At seventy-two, Johnny Ribkins shouldn’t have such problems: He’s got one week to come up with the money he stole from his mobster boss or it’s curtains.

What may or may not be useful to Johnny as he flees is that he comes from an African-American family that has been gifted with super powers that are a bit, well, odd. Okay, very odd. For example, Johnny's father could see colors no one else could see. His brother could scale perfectly flat walls. His cousin belches fire. And Johnny himself can make precise maps of any space you name, whether he's been there or not.

In the old days, the Ribkins family tried to apply their gifts to the civil rights effort, calling themselves The Justice Committee. But when their, eh, superpowers proved insufficient, the group fell apart. Out of frustration Johnny and his brother used their talents to stage a series of burglaries, each more daring than the last.

Fast forward a couple decades and Johnny’s on a race against the clock to dig up loot he's stashed all over Florida. His brother is gone, but he has an unexpected sidekick: his brother's daughter, Eloise, who has a special superpower of her own.

Inspired by W. E. B. Du Bois’s famous essay “The Talented Tenth” and fuelled by Ladee Hubbard’s marvelously original imagination, The Talented Ribkins is a big-hearted debut novel about race, class, politics, and the unique gifts that, while they may cause some problems from time to time, bind a family together.

A big-hearted novel about a family with special gifts who sometimes stumble in their efforts to succeed in life, The Talented Ribkins draws on such novels as Toni Morrison’s Sula The Intuitionist to weave themes of race, class, and politics into a wonderfully accomplished and engaging novel.

My Review:

The Talented Ribkins is a lovely novel that surprises its readers in the end, in a way that leaves you shaking your head and re-thinking everything that went before. And then shaking your head again.

The blurb for the book talks about the “superpowers” that all the members of the Ribkins family have been gifted (or cursed) with. And those powers do come into play. But that’s not what the book is “about”, not really.

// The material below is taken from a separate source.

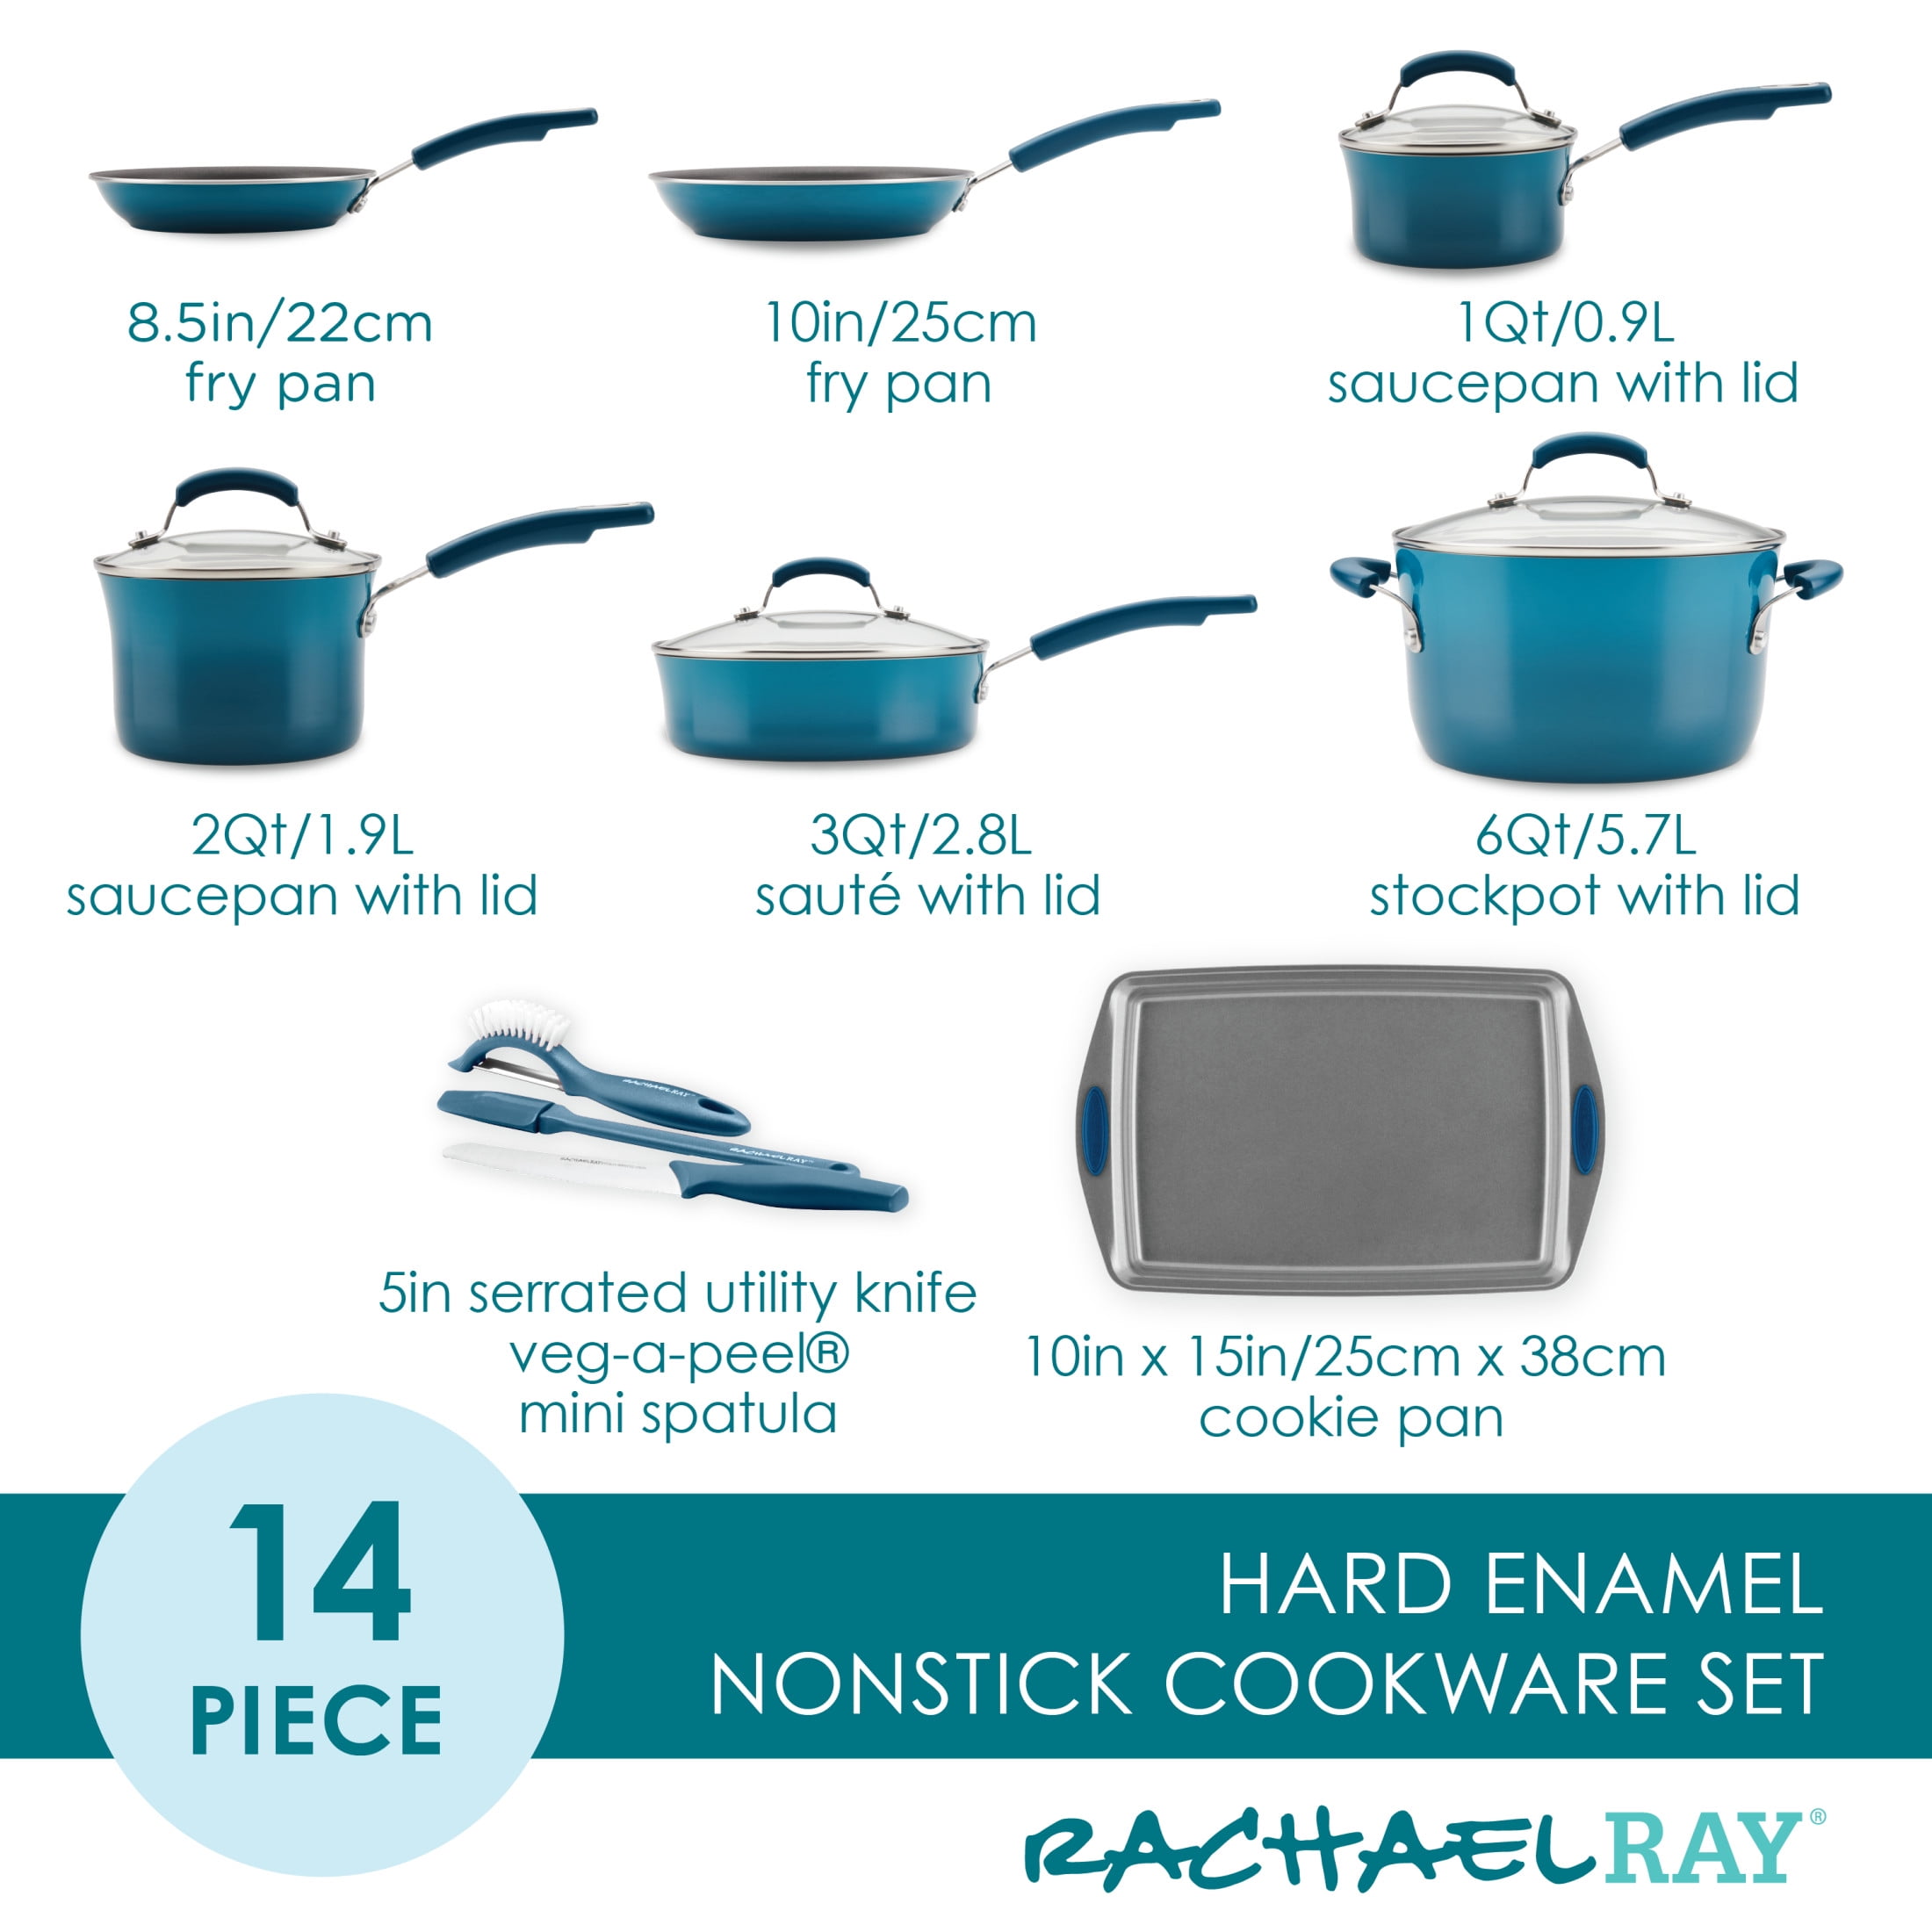 Rachael Ray 14-Piece Cookware Set Marine Blue 17629 - Best Buy

Instead, The Talented Ribkins is part of the great American road novel tradition. Johnny Ribkins, 72 and some days feeling every bit of it, is on what is probably one last road trip. His ostensible purpose is to dig up all the money he buried all over Florida, in order to pay his self-inflicted debt to someone who Johnny took a few too many years to discover was a really, really bad man.

But while he’s digging up all those little bags of money, he’s really digging up his own past. He starts by visiting his late brother’s old home, only to discover something he never expected. His brother left a child behind, and Eloise, now 13, has her own version of the Ribkins family talent.

Johnny makes maps. Maps to anywhere, from anywhere, whether he’s been there or not. Maps that route around any security, any obstacle, any difficulty whatsoever. His brother Franklin, Eloise’ dad, could climb walls. Any walls. Like Spiderman, but he didn’t need web shooters. His hands were sticky enough all on their own.

Johnny and Franklin made a good living, if not exactly a law-abiding one, as thieves. Until they stole something too hot to handle, and had a falling out. Franklin fell into booze and drugs and it was all over. But now there’s Eloise and her talent for catching anything that anyone throws at her. Or so it seems.

Johnny has a week to dig up all his buried treasure. Eloise needs to learn about her family, and how to handle her rather unusual talent in some way other than letting people throw cans and rocks at her to see her catch them.

But while what we see appears to be a broken down old man on a desperate race to save himself, one last time – nothing is quite as it seems. Not to Eloise, not to Johnny, and definitely not to the reader.

And it’s that twist at the end that makes the story as magical as the Ribkins family talents.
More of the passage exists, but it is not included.